------ Information shown ------
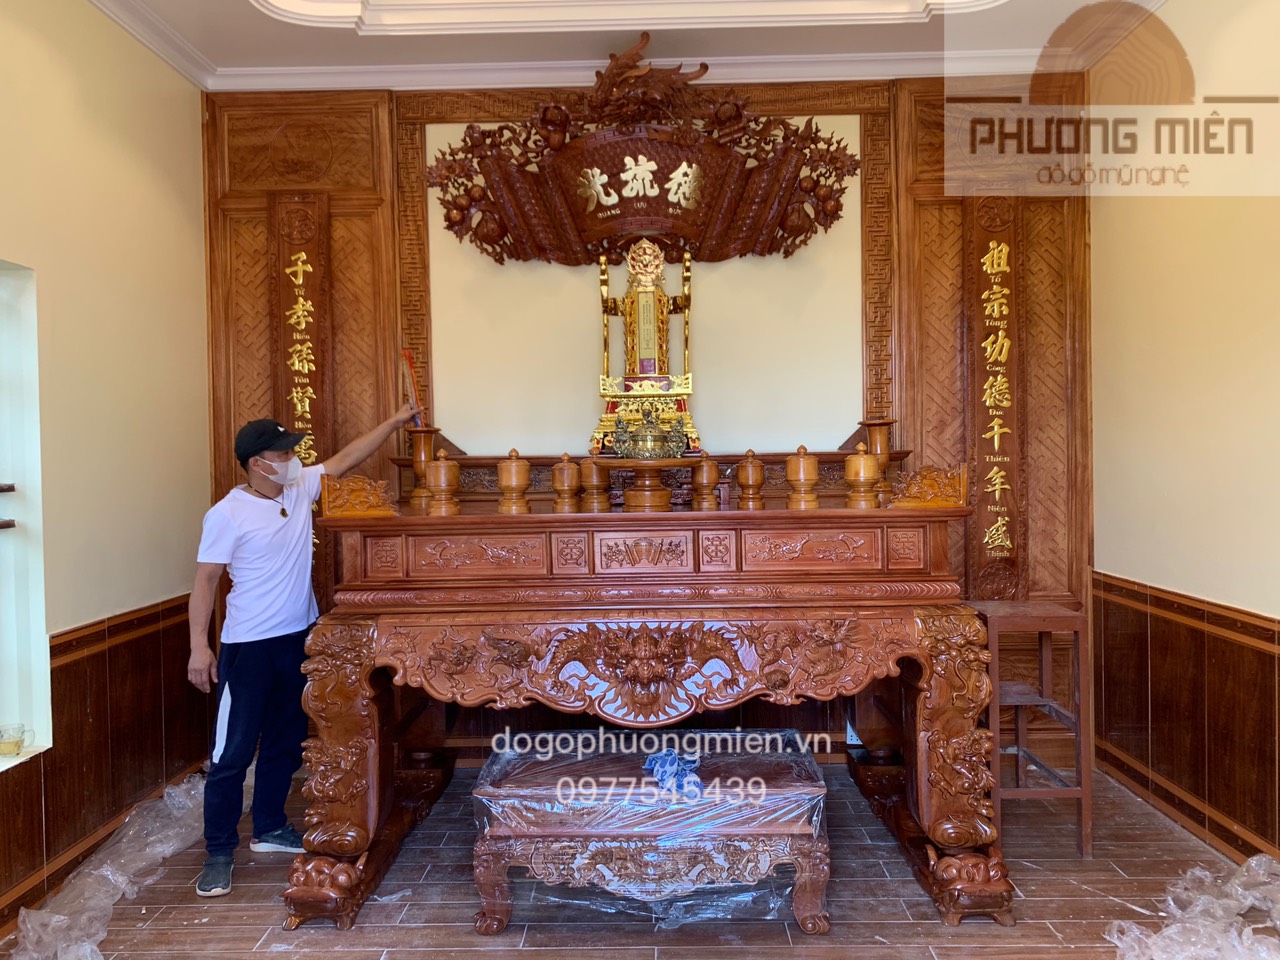 Mẫu phòng thờ gỗ đẹp tại Thanh Hoá.
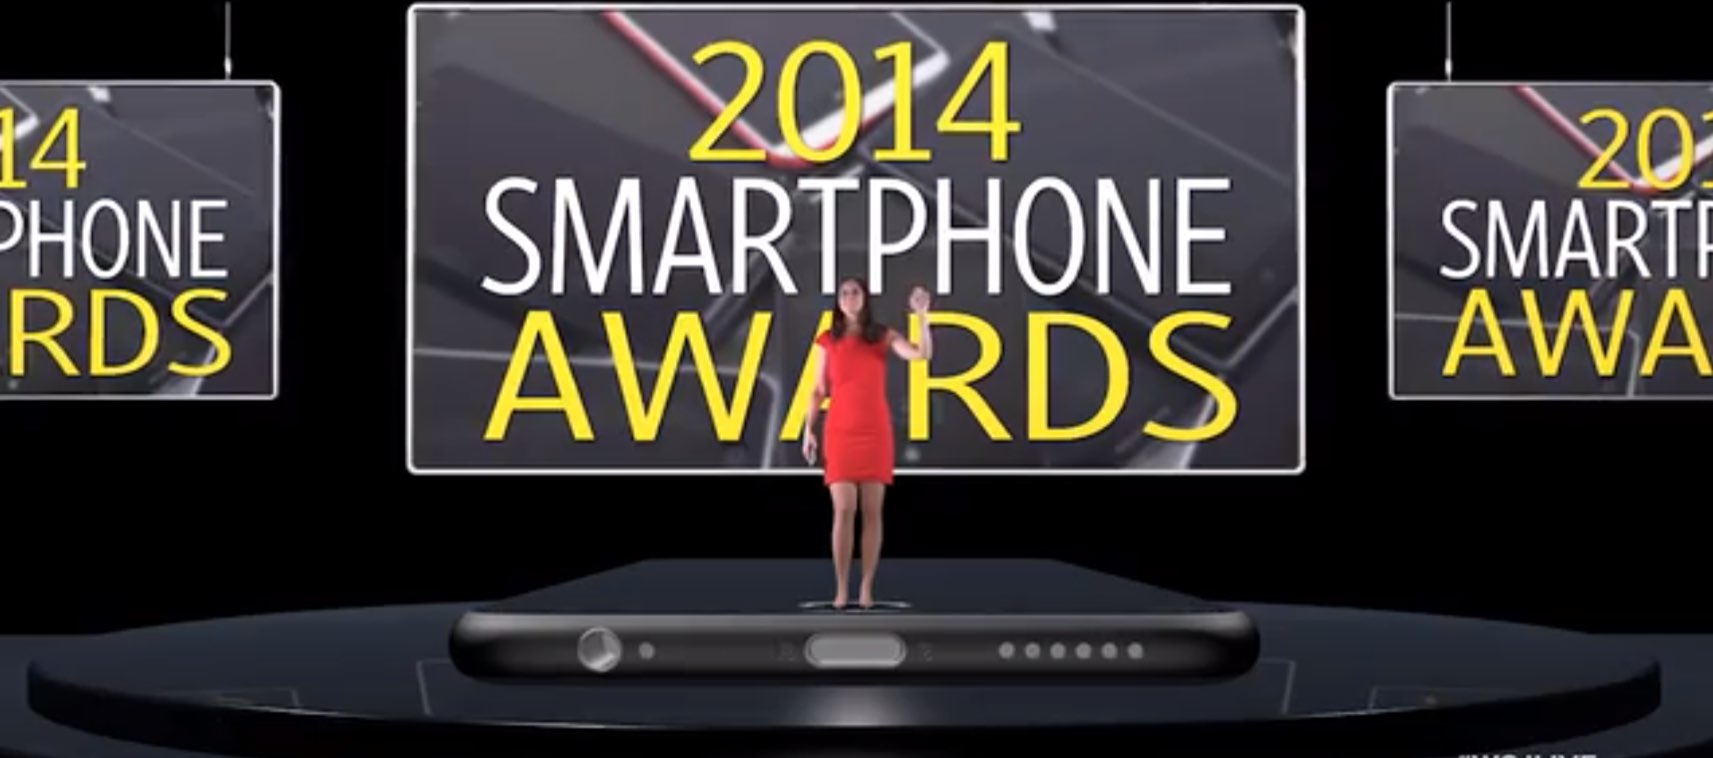 WSJ: iPhone 6 & iPhone 6 Plus BESTE SMARTPHONES 2014! 1
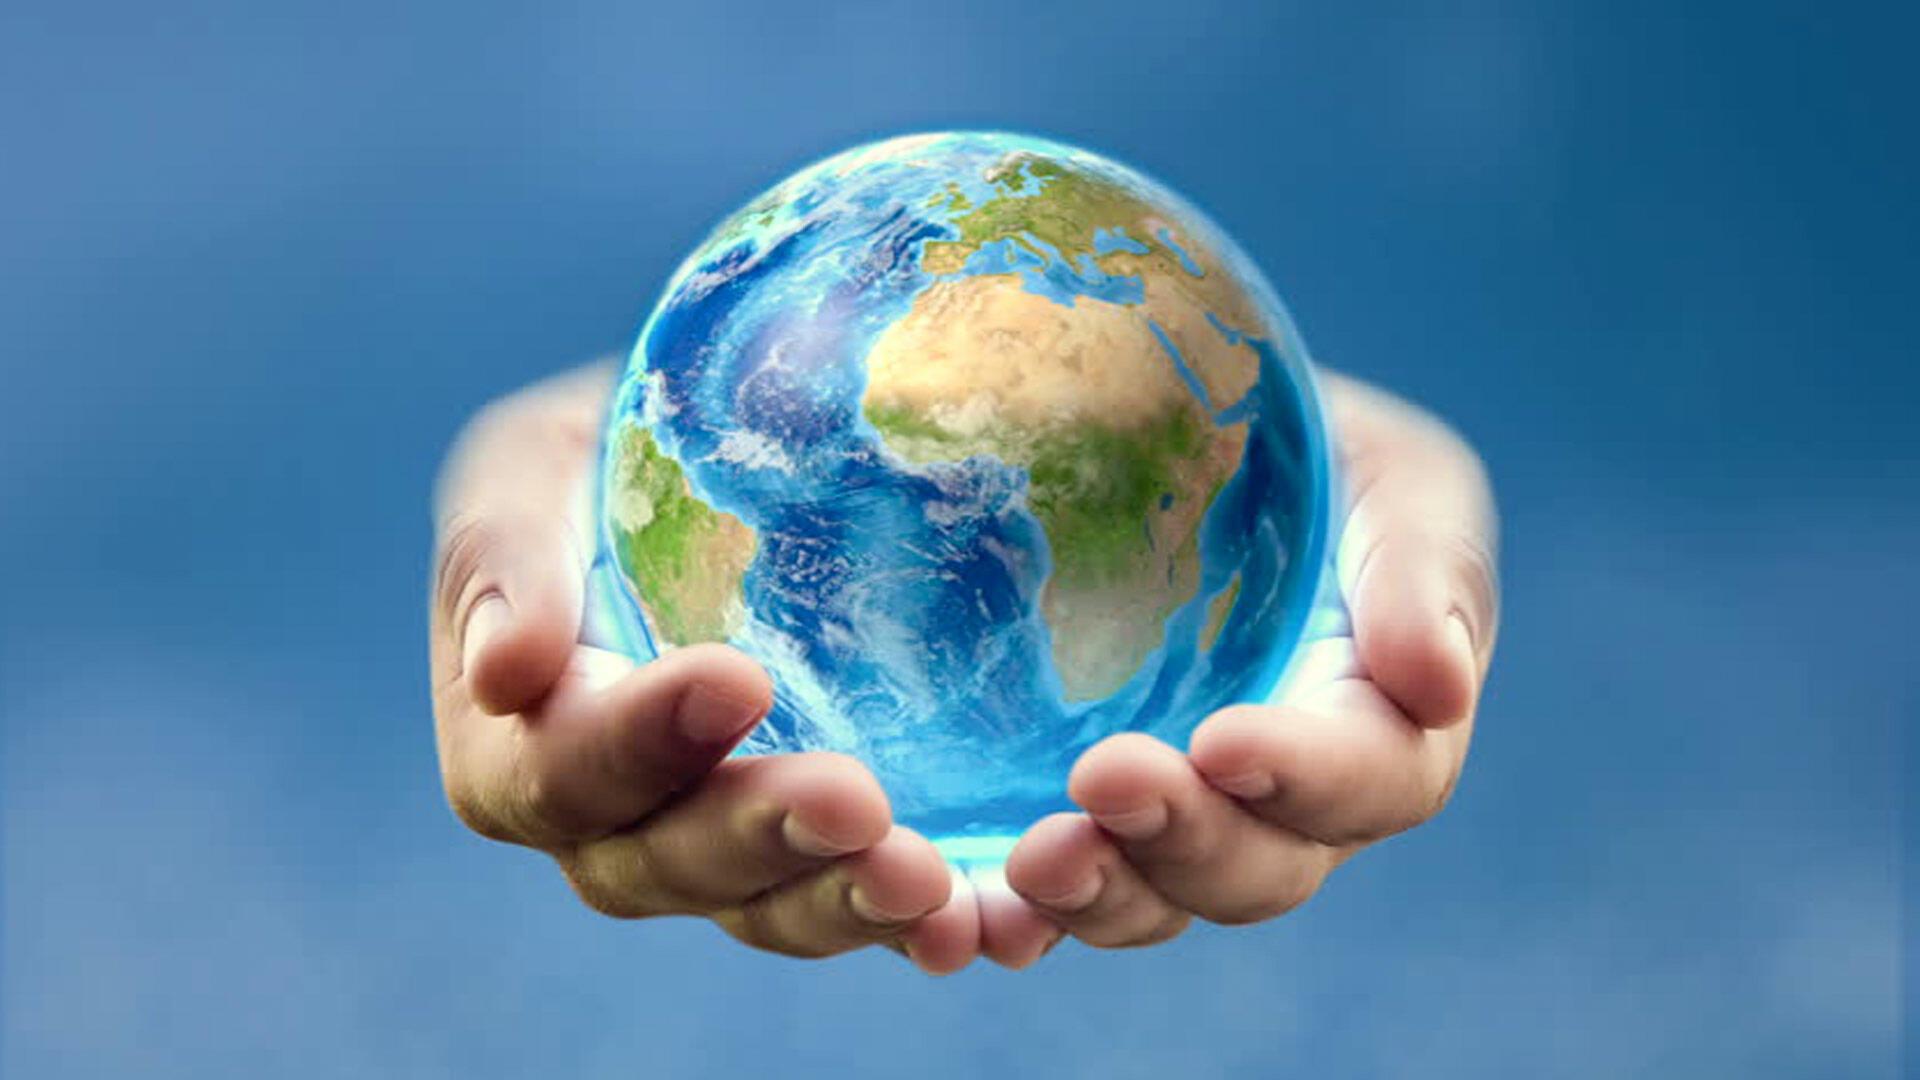 Забота о земле. Земля в руках. Планета в руках. Земной шар в руках человека. Мир в руках человека.
------
Assignment
Reproduce the material in full, word for word, and omit the pictures.

Task response
 Mẫu phòng thờ gỗ đẹp tại Thanh Hoá.
 WSJ: iPhone 6 & iPhone 6 Plus BESTE SMARTPHONES 2014! 1
 Забота о земле. Земля в руках. Планета в руках. Земной шар в руках человека. Мир в руках человека.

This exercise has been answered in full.